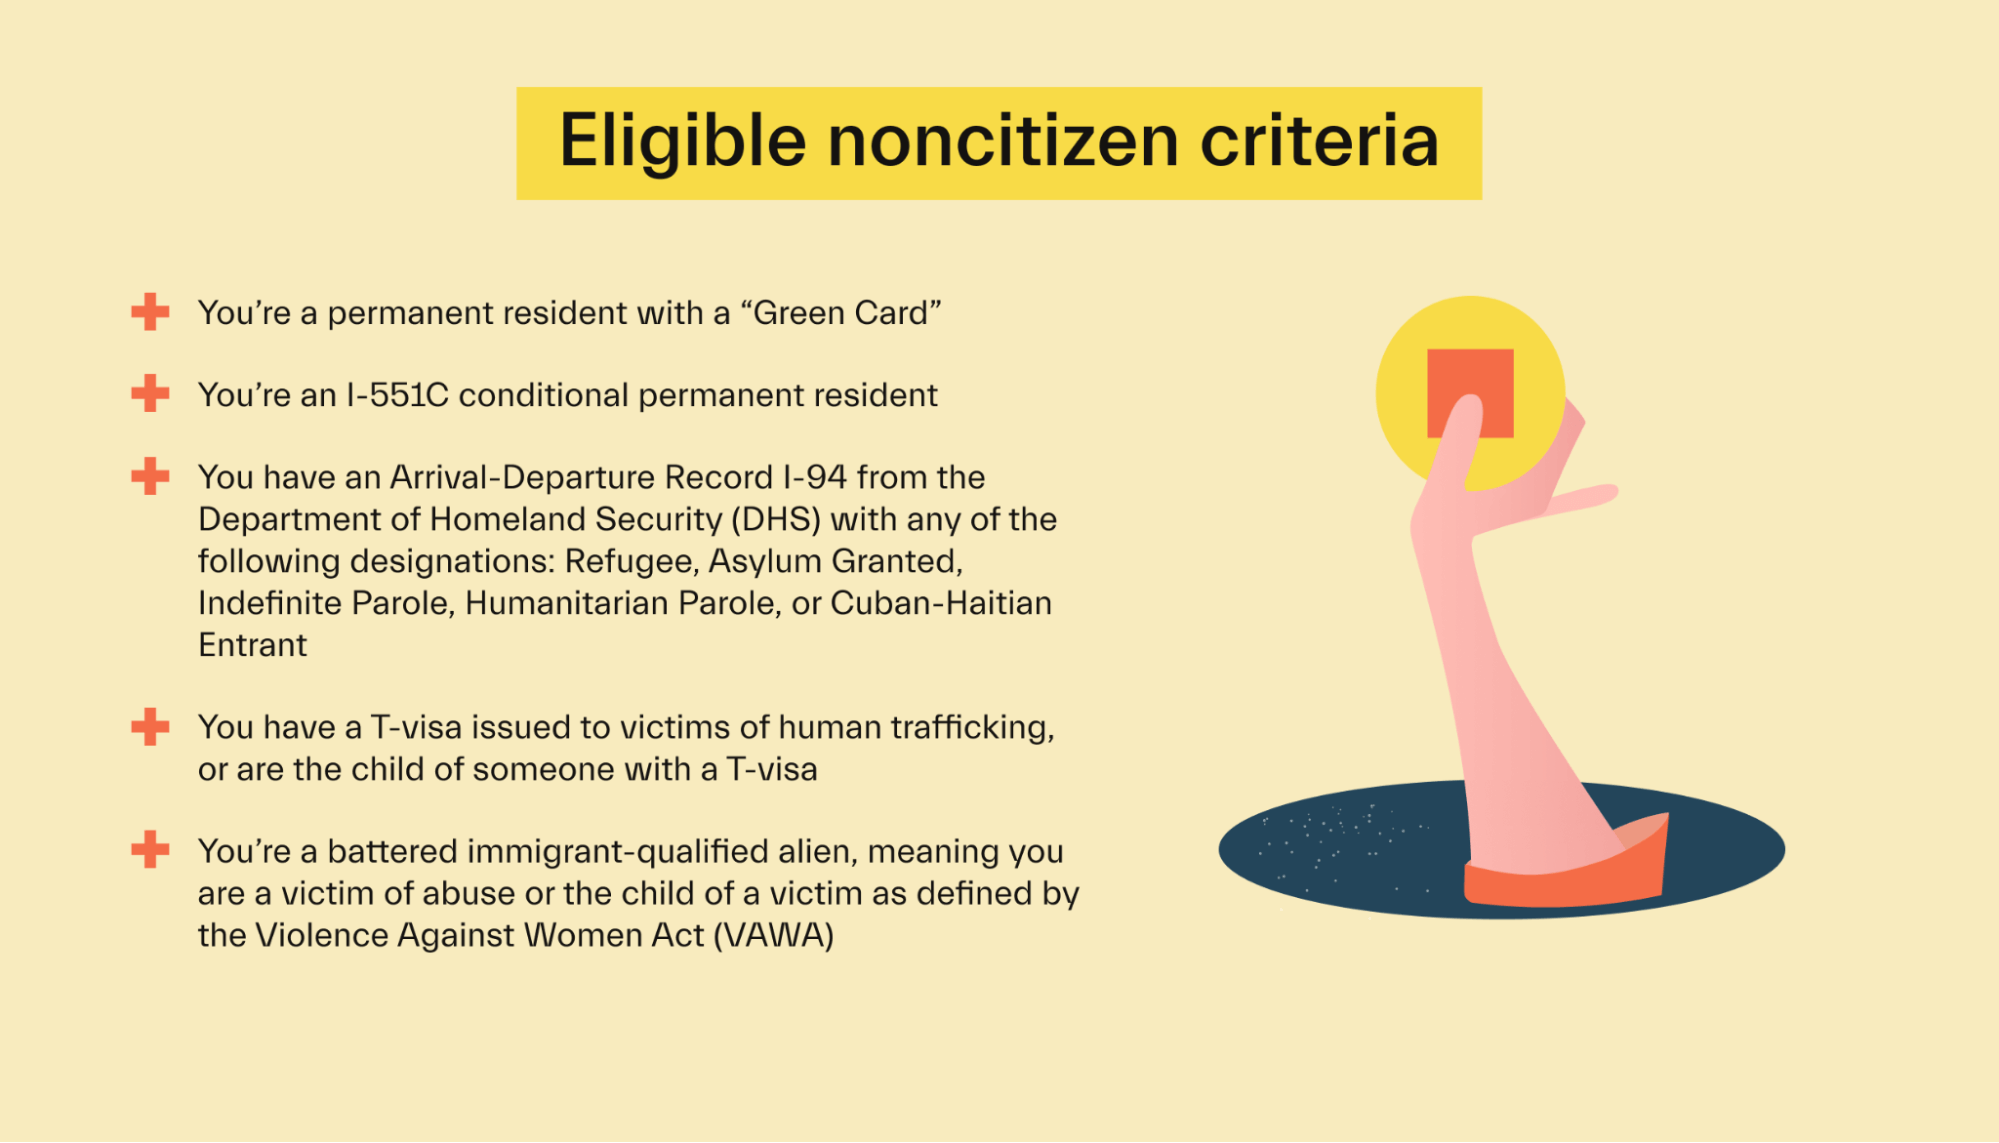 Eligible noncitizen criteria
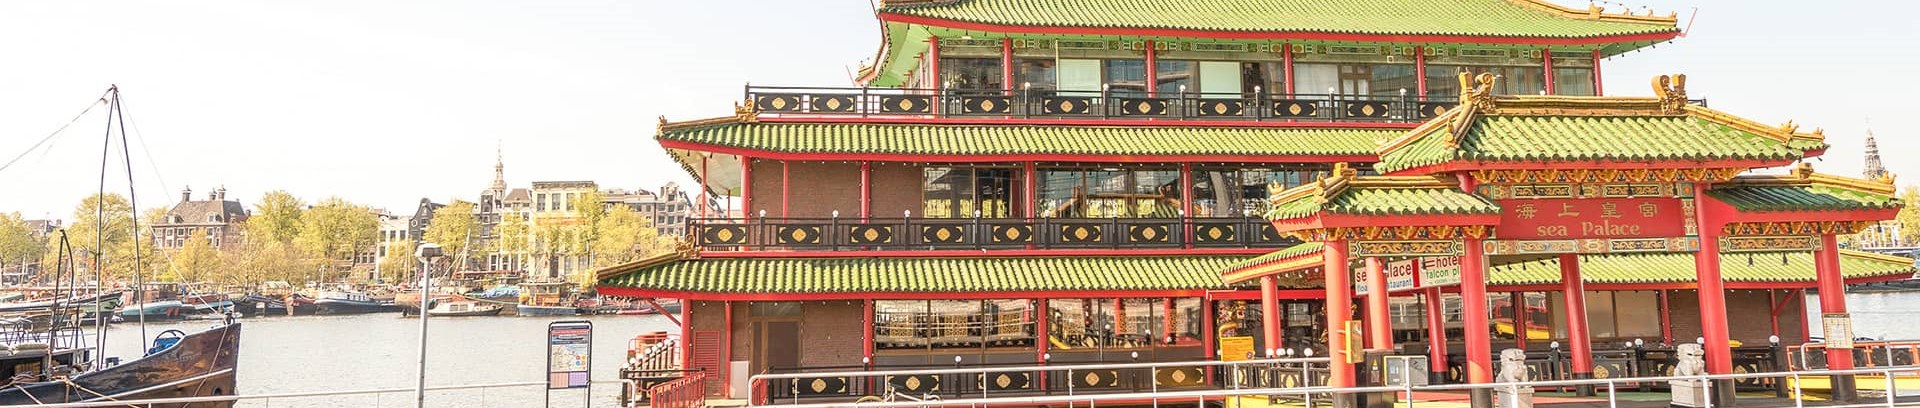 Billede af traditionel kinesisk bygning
• • • • • • •
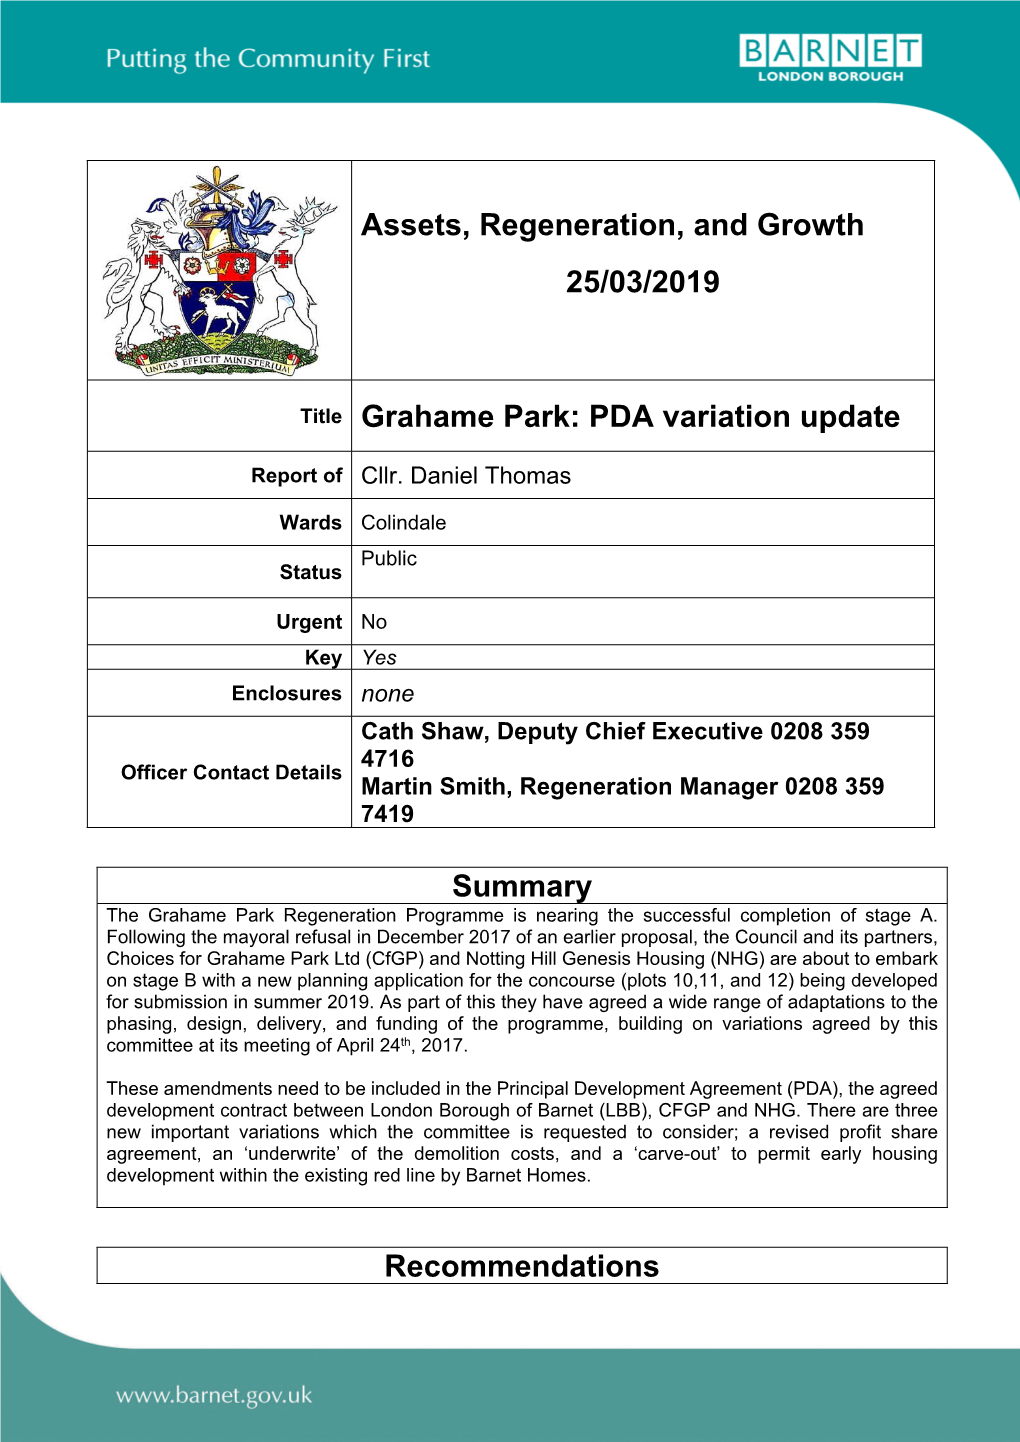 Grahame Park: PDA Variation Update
• • • • • • •
WHAT THIS TASK INVOLVES:
In the listing above, find the line with "Eligible noncitizen criteria" and output it and every line after it up to and including the line with "Billede af traditionel kinesisk bygning", exactly, minus the pictures.

YOUR RESPONSE:
 Eligible noncitizen criteria
 Billede af traditionel kinesisk bygning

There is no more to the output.